Located just south of the city’s hip Kreuzberg neighborhood and only fifteen minutes by bike from the city center, the disused former Nazi complex—with its terminal, hangars, and massive airfield—occupies nearly 1,000 acres of prime real estate in the ever-growing German capital. In any other metropolis, this land would have been snatched up by a developer years ago, but in Berlin, creative reuse has prevailed over conventional narratives of redevelopment.
Envisioned by Adolf Hitler in the thirties as part of his plan to redevelop Berlin into Germania—a regimented, neo-classical world-capital—the airport was designed by Earnst Sagebiel and completed in 1941 under the direction of head Nazi architect Albert Speer. With a sweeping semi-circular form meant to evoke an eagle in flight, the building is in many ways typical of heavy-handed fascist German architecture. Thin rectangular windows elegantly cascade along the walls of the terminal hall, a gesture that recalls the elongated light beams used by Speer in his Cathedral of Light at Nazi Party rallies in Nuremberg. Crowds exceeding one million likewise gathered at Tempelhof to hear Hitler speak.
But Tempelhof’s Nazi origins were quickly reimagined when World War II ended. Just four years after the airport’s completion by Sagebiel and Speer, the airport was taken over by American troops who, in 1949, brought food and supplies to the besieged West Berlin, landing at Tempelhof during the Berlin Airlift. This era of the airport’s history is most fondly remembered by area residents who gathered just outside of Tempelhof as children to catch handkerchief packages of chocolate and raisins dropped from incoming American aircraft.
By the sixties, the airport had reached its commercial heyday. Departing from a similarly ostentatious structure like Eero Saarinen’s TWA Terminal at the John F. Kennedy Airport in New York, travelers would be transported to a different era of architectural history when they landed at Tempelhof. Captivated by the scale and precision of the space, Norman Foster called it “the mother of all airports.”
Tempelhof ceased its airport operations and closed to the public in 2008. For some, the site’s desolation was an appropriate way to mark the failure of Hitler’s envisioned, but never-fully-executed, Germania. But to others, finding a creative way to reuse the space felt much more appropriate than leaving the airport and its airfield closed-off in the heart of the city.
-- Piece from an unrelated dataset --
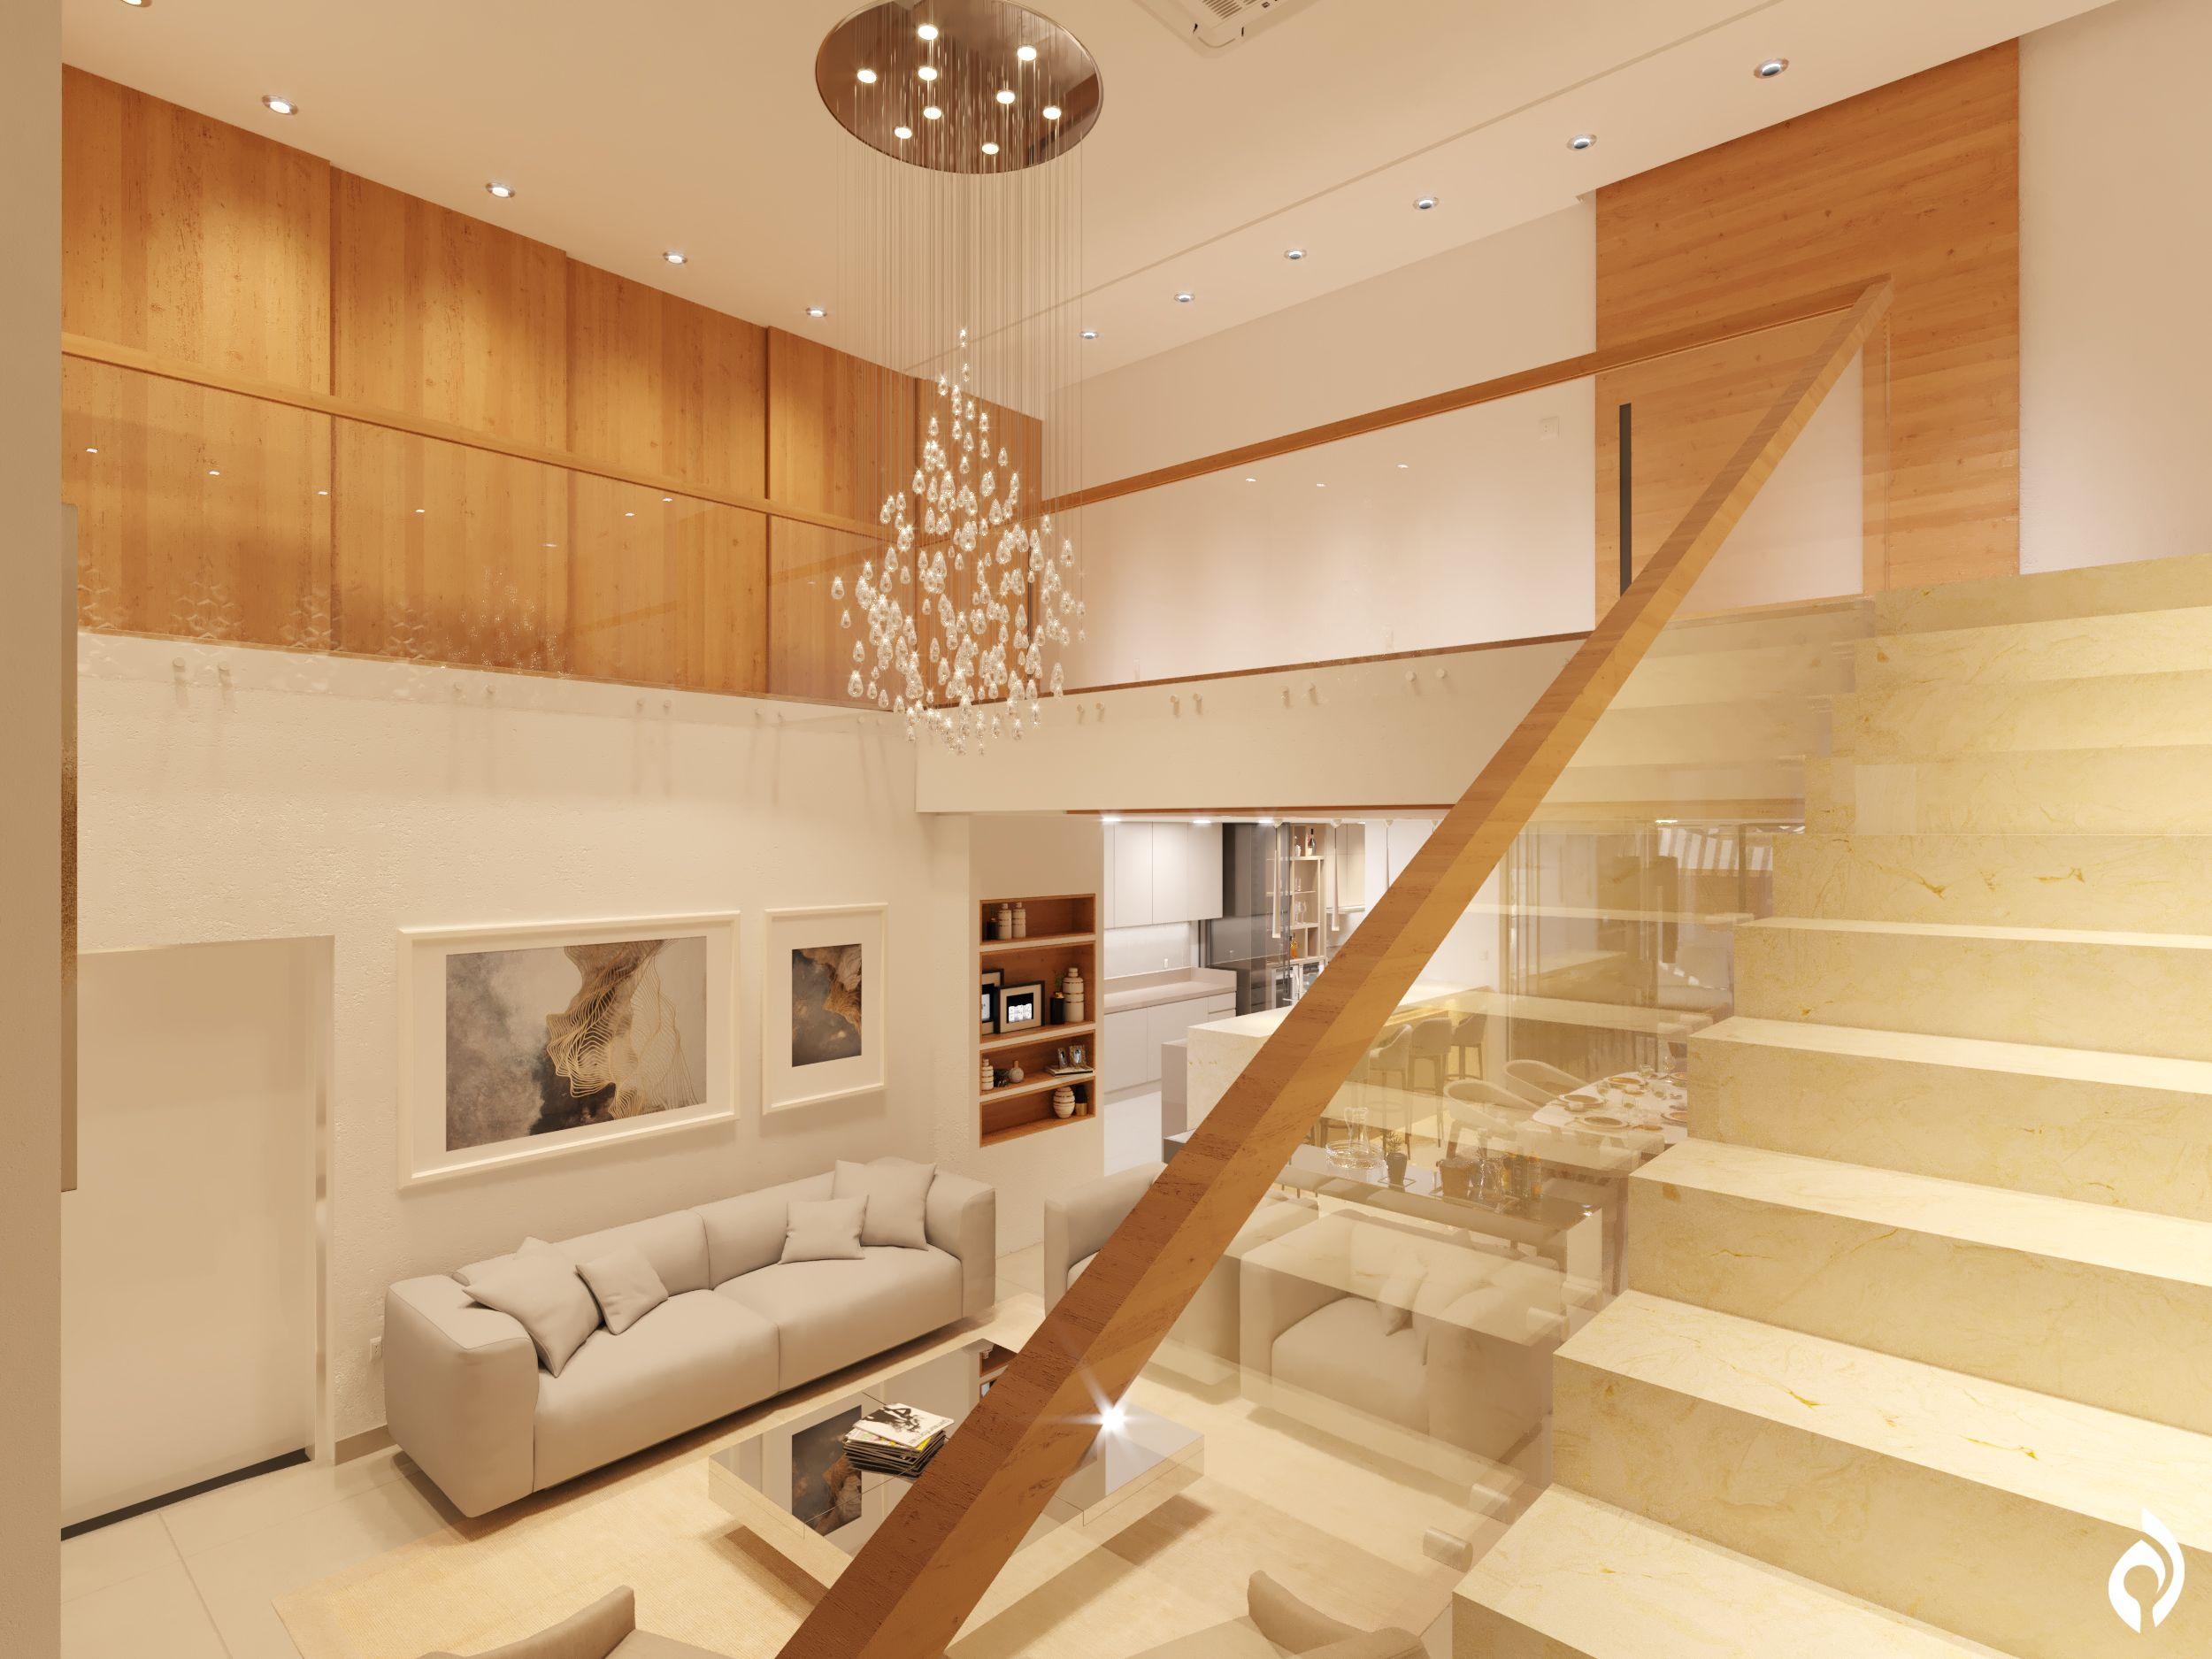 Arquitetura De Interiores Av #Arquitetura #Interiores #Arquiteto #Sala #P Direito

In 2009, the city government began to redevelop the airfield as a massive public park, now beloved by Berliners who escape from dense living quarters to run, rollerblade, and barbeque in the converted space.
For many citizens, though, the expanse of land continued to engender fear of inequitable redevelopment—a private investor could scoop it up at any second to build luxury apartments (and many tried to). Even plans from the city to build much-needed affordable housing were met with suspicion; as John Riceburg wrote in Exberliner magazine, “this government hasn't built a single social apartment for 10 years—are they going to start right when park-side real estate opens up?”
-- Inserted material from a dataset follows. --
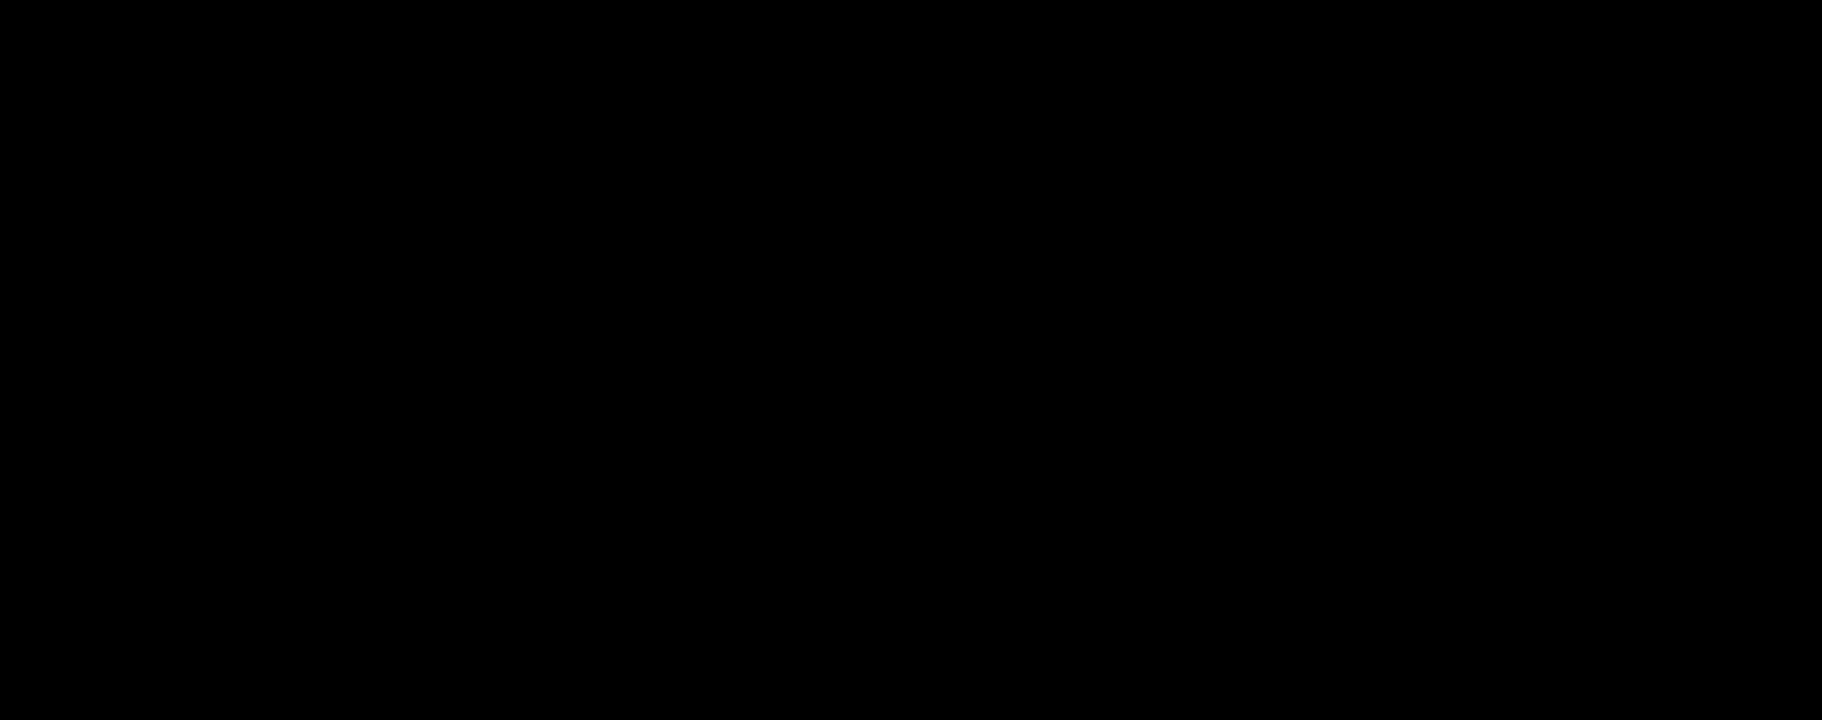 TITAN GPS black

For now, the airfield continues to be used as a park, as decided by citizens in a 2014 referendum—a remarkable accomplishment in an age when architecture for the elite has consistently trumped the preservation of urban character. The airport itself has also, in its own way, been reclaimed. Through the city’s Tempelhof Projekt, 1,200 refugees mostly from Syria, Iraq, and Afghanistan were housed in two of the airport’s former hangars beginning in 2015. Sleeping on bunk beds partitioned into rooms by white dividers, refugees make their temporary home in the airport that served as the background to so much of Berlin’s history, now perhaps ringing in a new chapter.
Roughly 400 refugees remain in Tempelhof today, and public access to the park has continued. Living conditions in Tempelhof should not be romanticized; the airport was never intended to be inhabited, and the sounds and smells alone of hundreds of people living in such close quarters are frustrating and upsetting to occupants of the camp. In times of crisis, however—from the Berlin Airlift to the 2015 Refugee Crisis—the expansive space built with fascist intent has been reclaimed for humanitarian purposes. As adaptive reuse has morphed into a trendy strain of architecture (think churches and schools converted into high-end apartments) buildings like Tempelhof airport remind us of a different kind of adaptive reuse; one that is organic, and at times, even redemptive.